In recent years there has been a surge of experimental protocols for gene expression analysis and epigenetic features in single cells. scWGBS is a robust alternative for assessment of cell-to-cell epigenetic heterogeneity and may also be useful for discovery of previously unknown cell types/states. One advantage is that DNA methylation is less influenced by common confounders known to pose problems to single-cell RNA-seq analysis, such as stochastic expression, transcriptional bursts, and cell cycle effects. However, it is technically challenging to analyze DNA methylation at the single cell level, hence large-scale single cell methylome studies are still in their infancy. Nevertheless, one striking example of the utility of scWGBS is in a recent study that profiled the methylomes of > 100,000 mouse brain nuclei using the snmC-seq2 method23. To facilitate single cell methylome analysis on a scale larger than a few hundred cells, easily implemented library preparation methods in combination with pooling strategies will be essential. Moreover, as sequencing costs continue to drop, inexpensive library preparation methods become more attractive. The scSPLAT approach presented herein is a cost-efficient protocol which confers higher read map rates compared to most other scWGBS methods and allows for pooling of cells for higher throughput without the need of using a commercial kit. Furthermore, as an open protocol it is flexible, can be tailored for project needs and further optimized for improved performance. We herein performed pooling of up to 32 cells in a single library. This number is by no means the upper limit for pooling, and larger pools will enable even lower library costs per cell. By scaling down the second strand reaction volume e.g. using micro dispensing systems, we envision that full 384-plates reactions can be pooled in a single library.

Although scSPLAT confers robust measurement of DNA methylation levels (batch effects were low), there were quite some variances in library preparation efficiency across batches, observed as differences in complexity and duplication rates. There may be multiple causes for differences in library complexity; suboptimal cell lysis, low bisulfite conversion yields, strand synthesis efficiency and ligation efficiency. Further work will be required to pin-point and address the main causes of this variability. In future studies different splint lengths of the SPLAT adapters may also be tested as a means of optimizing library preparation. Meanwhile, it might be worthwhile to perform library amplifications using real time PCR to avoid overamplification and to estimate library complexity based on initial low coverage sequencing and exclude low quality pools prior to deeper sequencing.
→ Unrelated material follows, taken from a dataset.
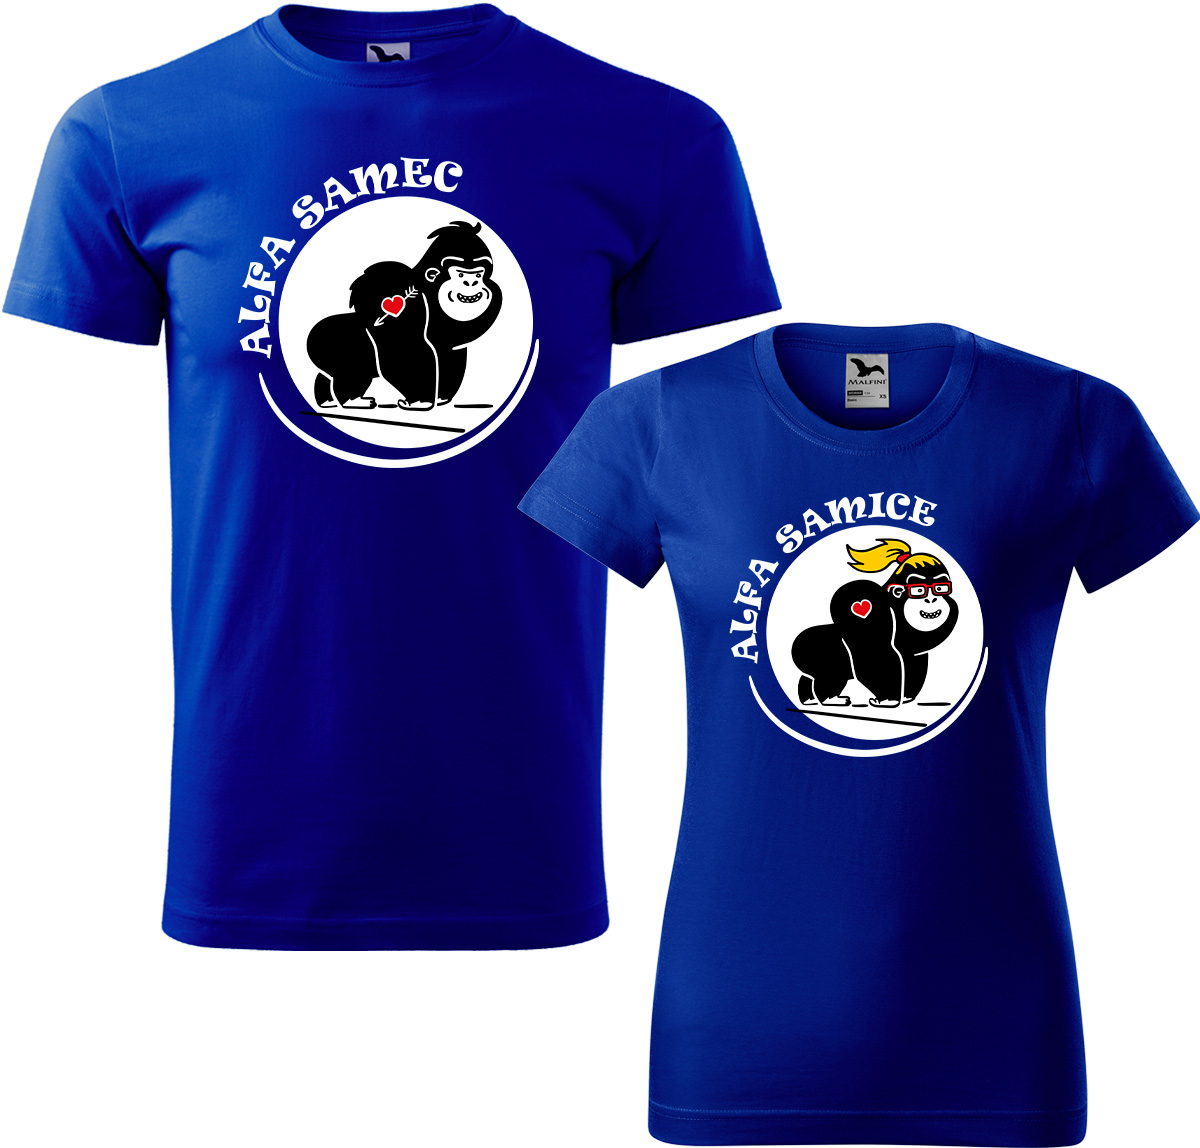 Trička pro páry - Alfa samec a alfa samice Barva: Královská modrá (05), Velikost dámské tričko: S, Velikost pánské tričko: M

scSPLAT is in several respects similar to the previously described snmC-seq2 method, which is why we included in-house prepared snmC-seq2 libraries as controls in the present study. In contrast to the Adaptase based snmC-seq2 protocol, no artificial low complexity sequence is appended during adapter ligation in the scSPLAT workflow. The appendage of such low-complexity sequence tags both take up extra sequencing space and need to be carefully trimmed so as to not interfere with read mapping and methylation calling. In addition, for snmC-seq2 library preparation caution must be taken so that there is no carryover of free-nucleotides into the pool prior to the Adaptase reaction. It was previously shown that free nucleotides from the strand synthesis reaction could interfere with the low complexity tagging by producing artificial tag sequences of unexpected compositions. This may lead to inefficient tag trimming and in turn lower map rates and biased methylation calls. In contrast, scSPLAT adapter tagging is performed using splint ligation and carryover of free-nucleotides poses no risk for introduction of artificial sequences.

From a technical point of view the scSPLAT method performed well when applied to both to the K562 cell line and nuclei from primary tissue. However, one should be mindful of potential biases when analyzing scWGBS data from aneuploid cells such as K562 cells. For instance, chromosomes with higher ploidy may have a higher chance of getting sampled and assessment of methylation in aneuploid regions having partial methylation can be challenging.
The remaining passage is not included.